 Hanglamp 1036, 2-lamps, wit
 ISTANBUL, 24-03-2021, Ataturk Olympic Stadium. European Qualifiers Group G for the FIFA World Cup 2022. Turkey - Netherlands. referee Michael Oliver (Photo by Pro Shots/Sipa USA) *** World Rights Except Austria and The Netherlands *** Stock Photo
#####
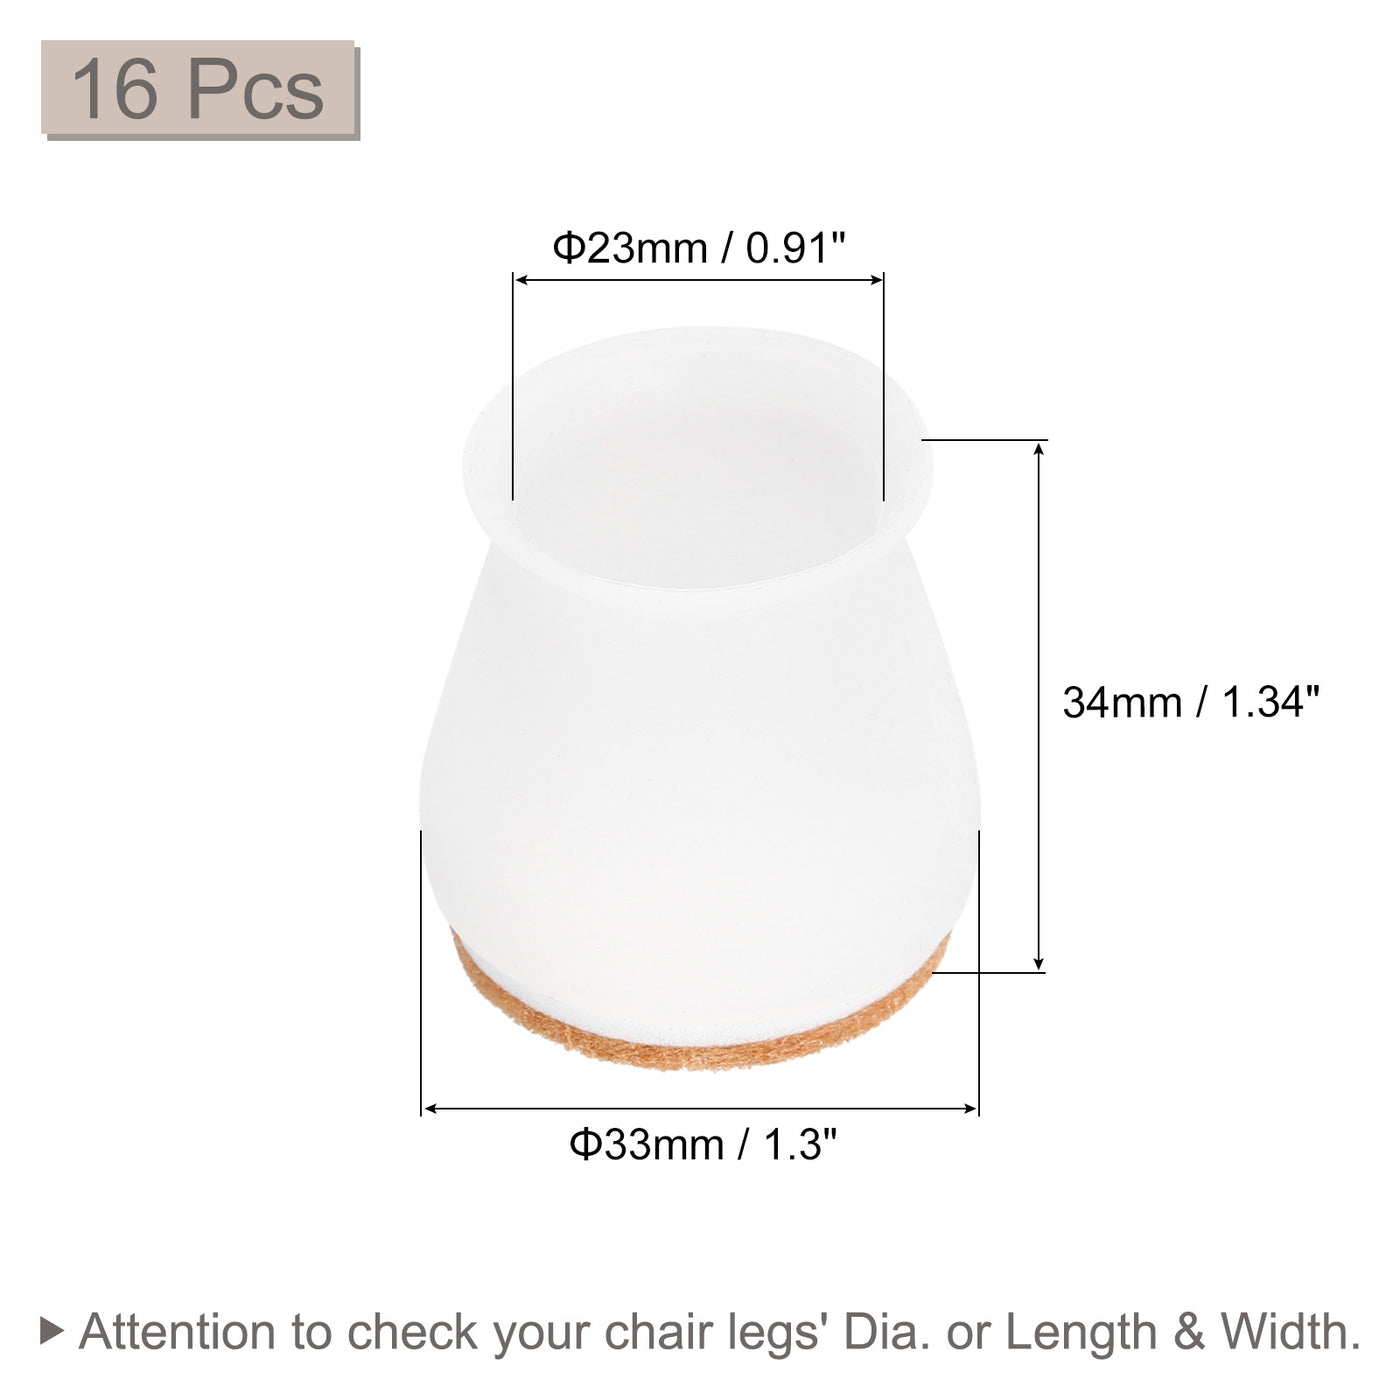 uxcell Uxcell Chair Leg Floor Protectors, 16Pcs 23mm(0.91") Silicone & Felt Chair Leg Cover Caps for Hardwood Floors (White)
#####
Out of the entries above, write out only the lines between the line holding "Hanglamp 1036, 2-lamps, wit" and the line holding "ISTANBUL, 24-03-2021, Ataturk", inclusive, each exactly as given.

 Hanglamp 1036, 2-lamps, wit
 ISTANBUL, 24-03-2021, Ataturk Olympic Stadium. European Qualifiers Group G for the FIFA World Cup 2022. Turkey - Netherlands. referee Michael Oliver (Photo by Pro Shots/Sipa USA) *** World Rights Except Austria and The Netherlands *** Stock Photo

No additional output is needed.